Betweenness centrality, on the other hand, identifies nodes that act as bridges or intermediaries between different parts of the network. It captures the node's role in information flow or communication. However, computing betweenness centrality for large graphs can be computationally expensive, and it may not be suitable for networks where multiple paths exist between nodes.

Closeness centrality measures how close a node is to all other nodes in terms of the shortest path length. It identifies nodes with efficient access to information or resources. Closeness centrality is straightforward to compute and provides a more nuanced view than degree centrality. However, it may not be suitable for disconnected graphs or graphs with unreachable nodes.

Eigenvector centrality considers both a node's direct connections and the centrality of its neighbors. It captures the influence and importance of nodes that are connected to other highly central nodes. However, calculating eigenvector centrality requires iterative methods and can be computationally intensive.

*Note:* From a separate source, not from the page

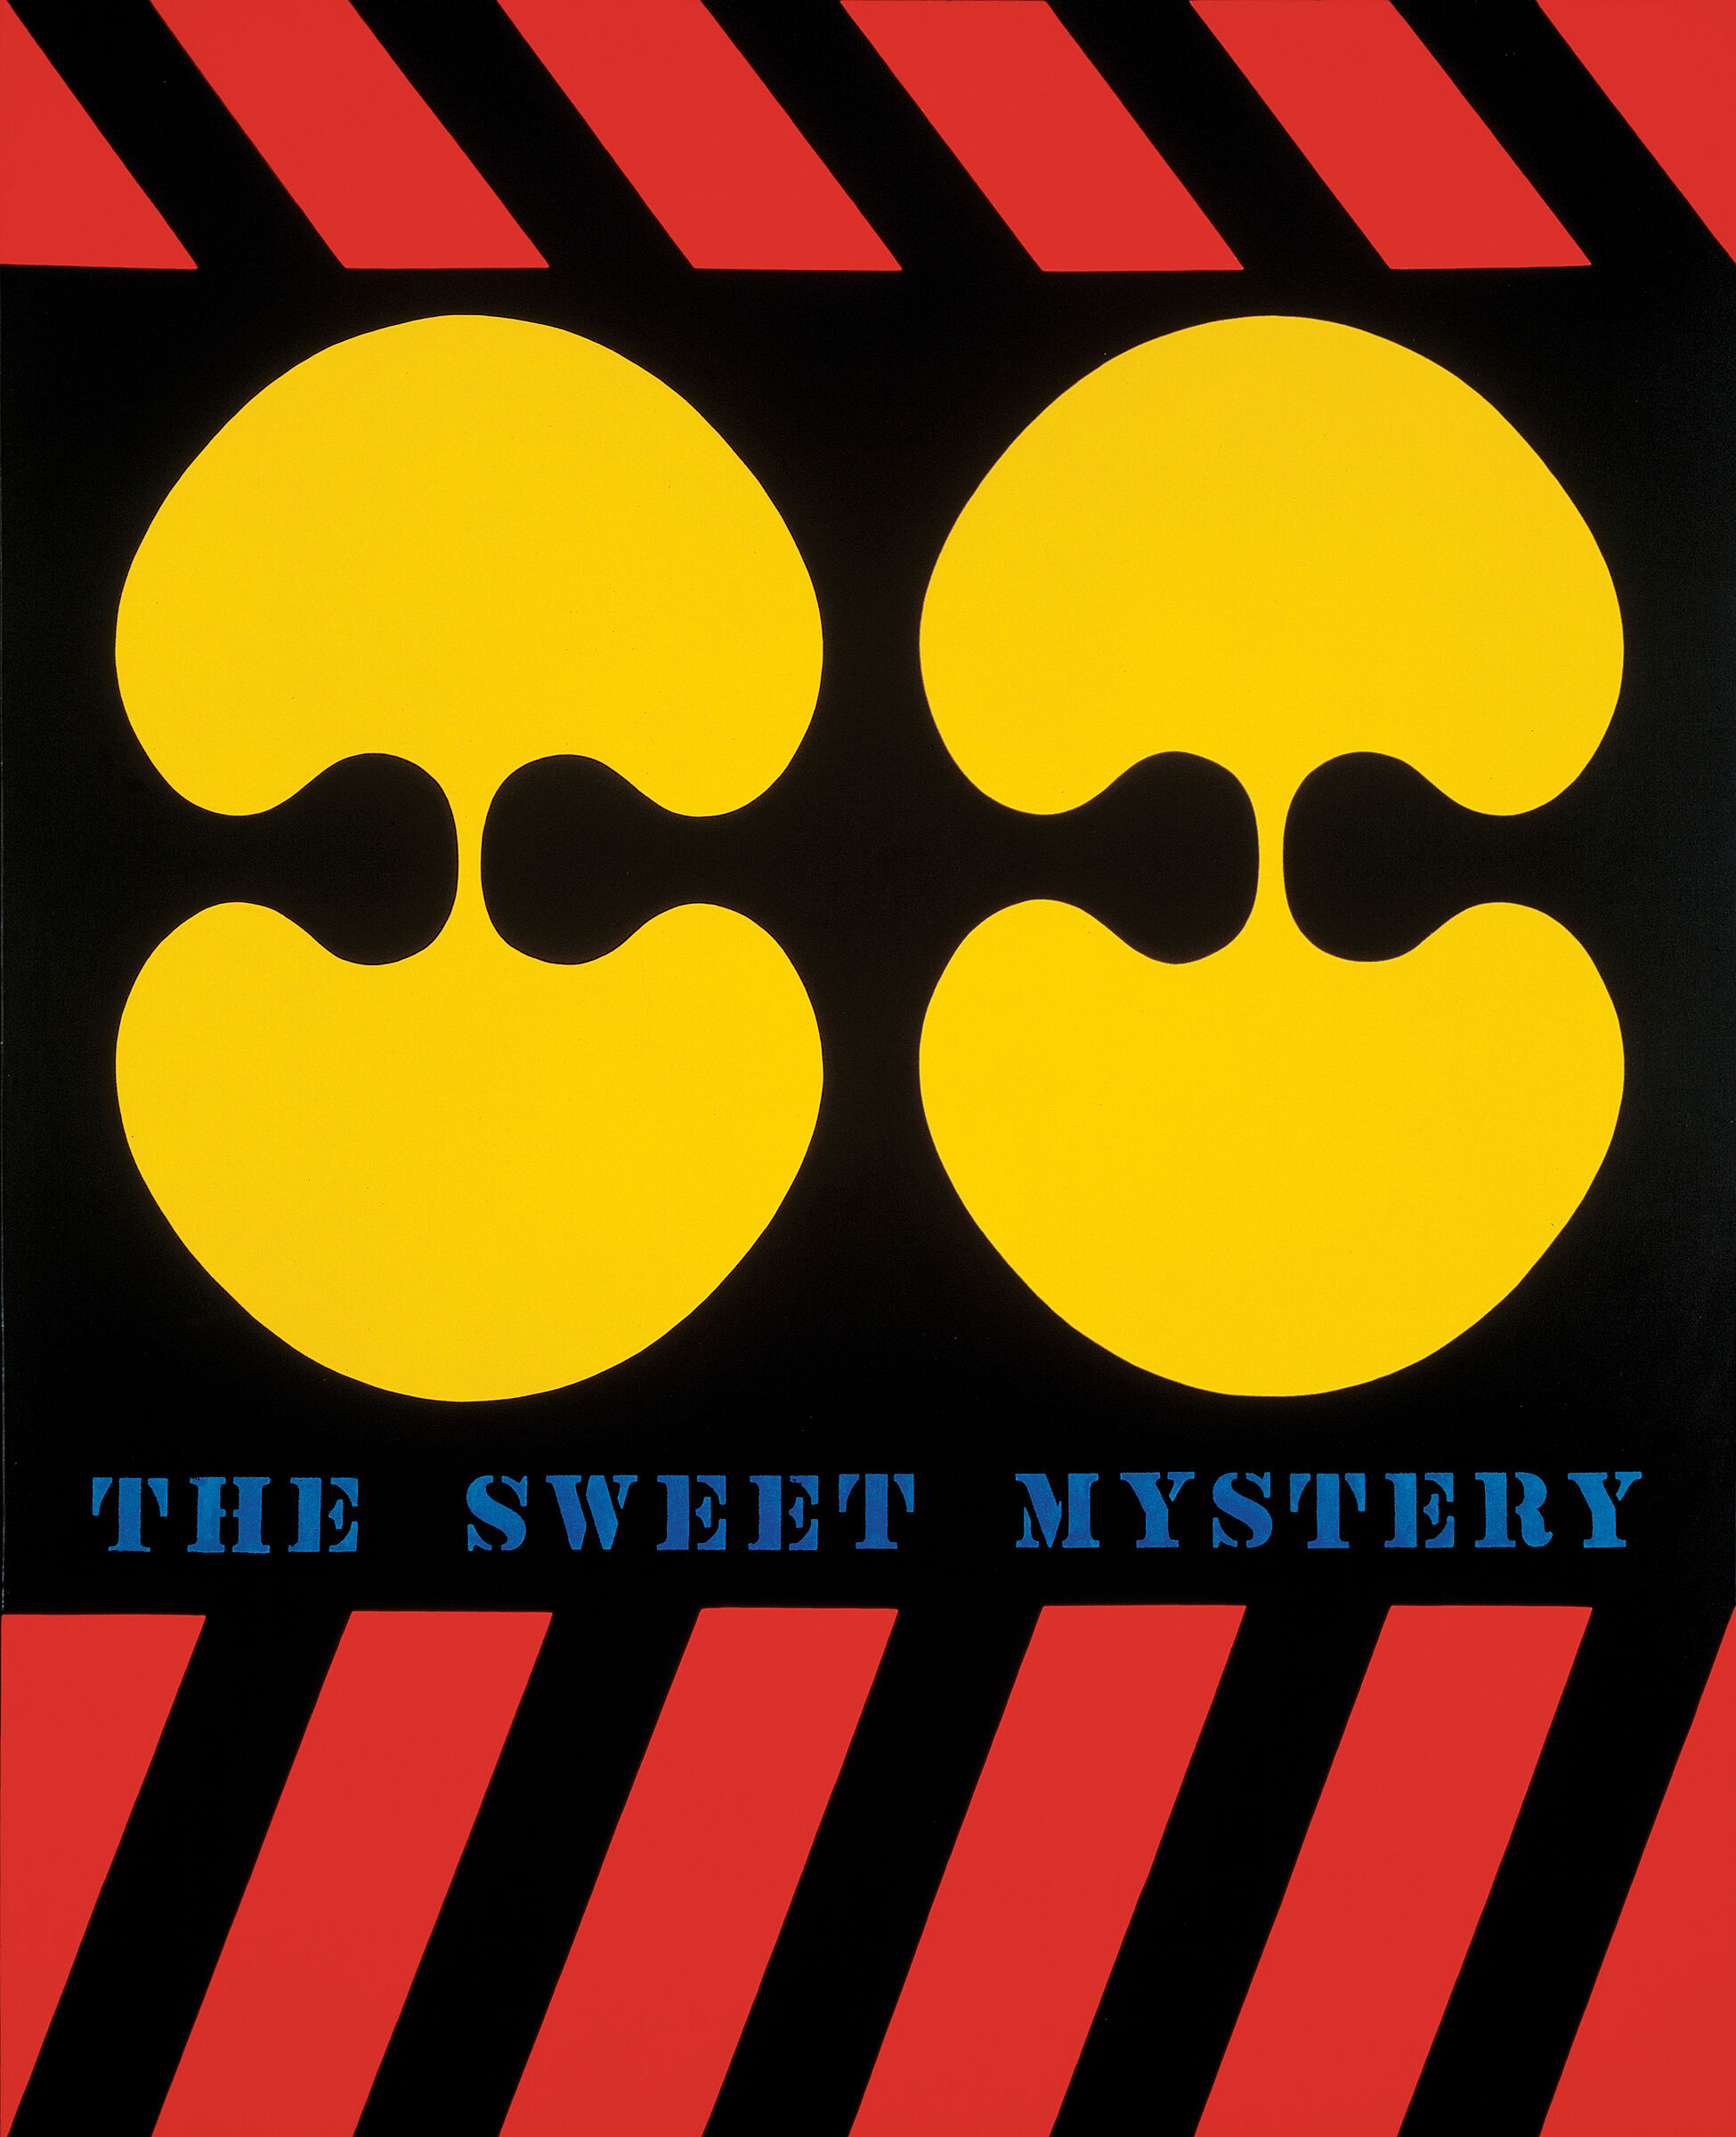 Red diagonal stripes on the top and bottom of the image sandwich two curved yellow blobs that sit side by side. Below the yellow blobs is the text The Sweet Mystery in blue. Behind is black.

PageRank centrality, originally designed for ranking web pages, assigns centrality based on a node's connections to other important nodes. It provides a global view of the graph structure but may be influenced by link spamming or manipulation.

In summary, centrality measures offer valuable insights into graph mining, but it is important to choose the appropriate measure based on the specific characteristics of the graph and the analysis goals. Different centrality measures provide different perspectives on node importance, and understanding their pros and cons helps in making informed decisions when analyzing complex networks.